林跃呵呵一笑,暗忖这个陈金柱,嘴上说自己不行,心里可不是这么想的。
“咳,我不行,真不行。”陈金柱还在掩饰自己的想法。
“从古至今,心急皇帝宝座的太子有几人得善终?你听了十几二十年的戏,这个道理不会不明白吧?”
陈金柱看了又看,还不忘揉揉自己的眼,站在对面的确实是他的外甥,只有14岁的外甥啊……瞧这话说得,这是一个14岁的孩子能说出来的话吗?
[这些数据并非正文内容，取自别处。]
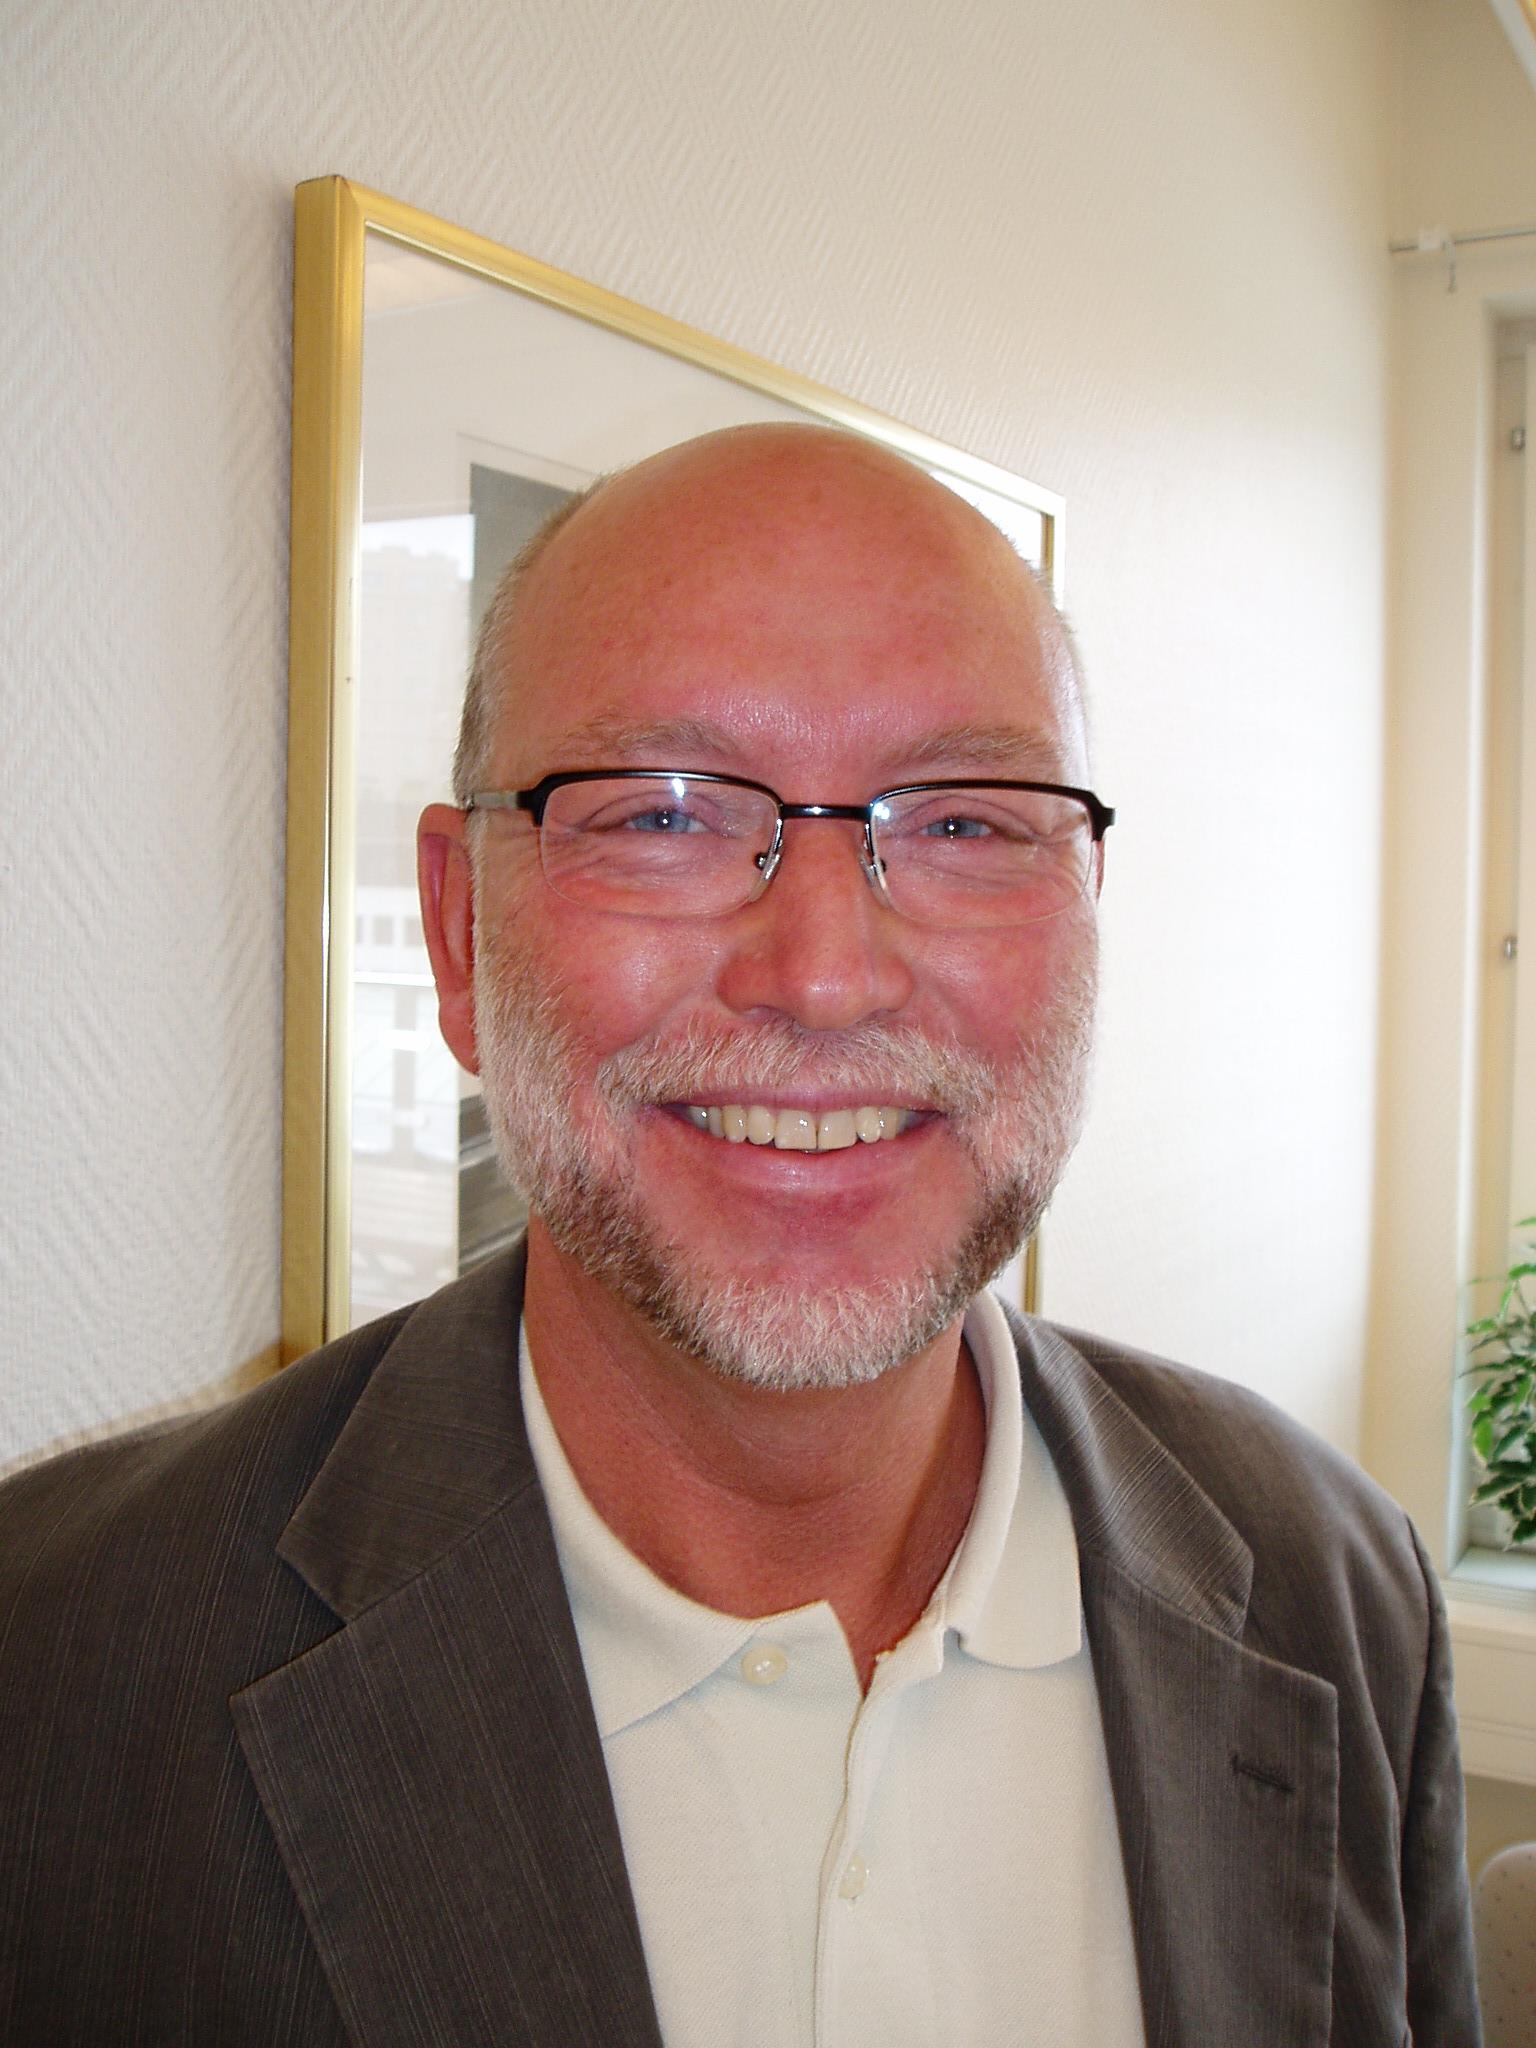 Sven-Olof Petterson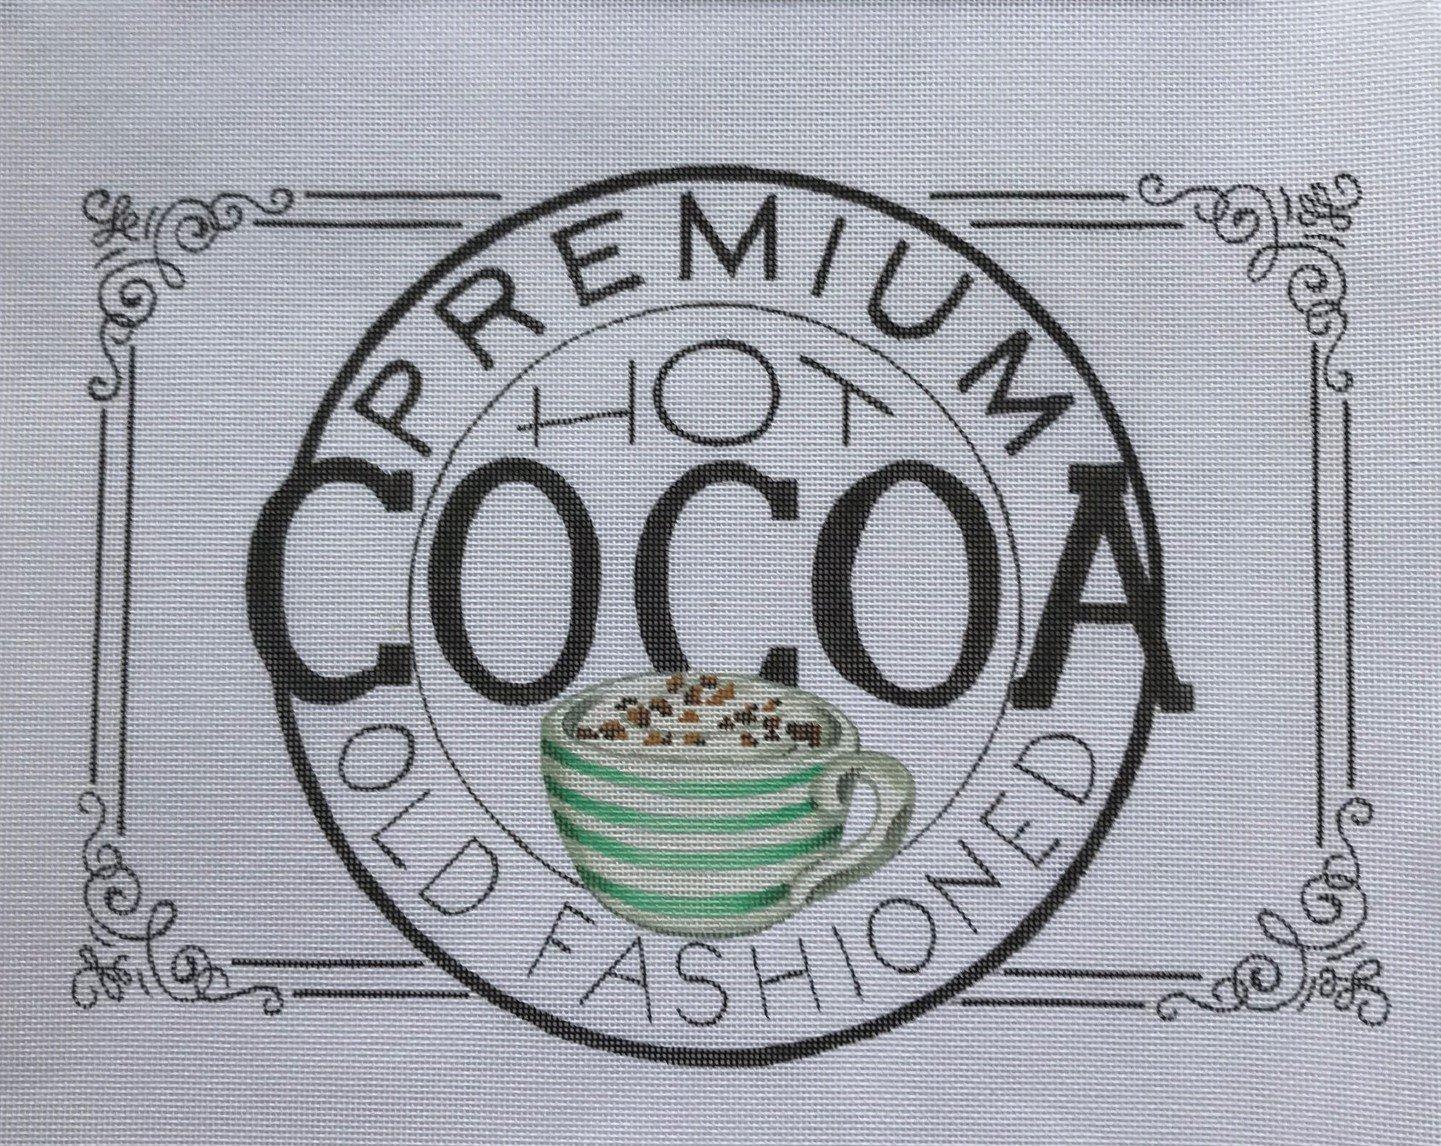 PPD/NTHC11 Premium Coca Sign

林跃说道:“当然,今天你只要委婉地提一提拖把的事,羡慕一下想到做拖把赚钱的点子的人,发发牢骚,讲讲没钱的日子有多难熬,再回味一下当年陈金水干劲十足地带着你们鸡毛换糖的日子……这么说吧,小火慢炖的道理你懂吗?等到他们父子反目的时候,你就可以火中取栗了。”
“懂,懂,懂。”陈金柱一连说了三个“懂”字,也不知道是真懂还是假懂。
“林跃,这些话……谁教你的?”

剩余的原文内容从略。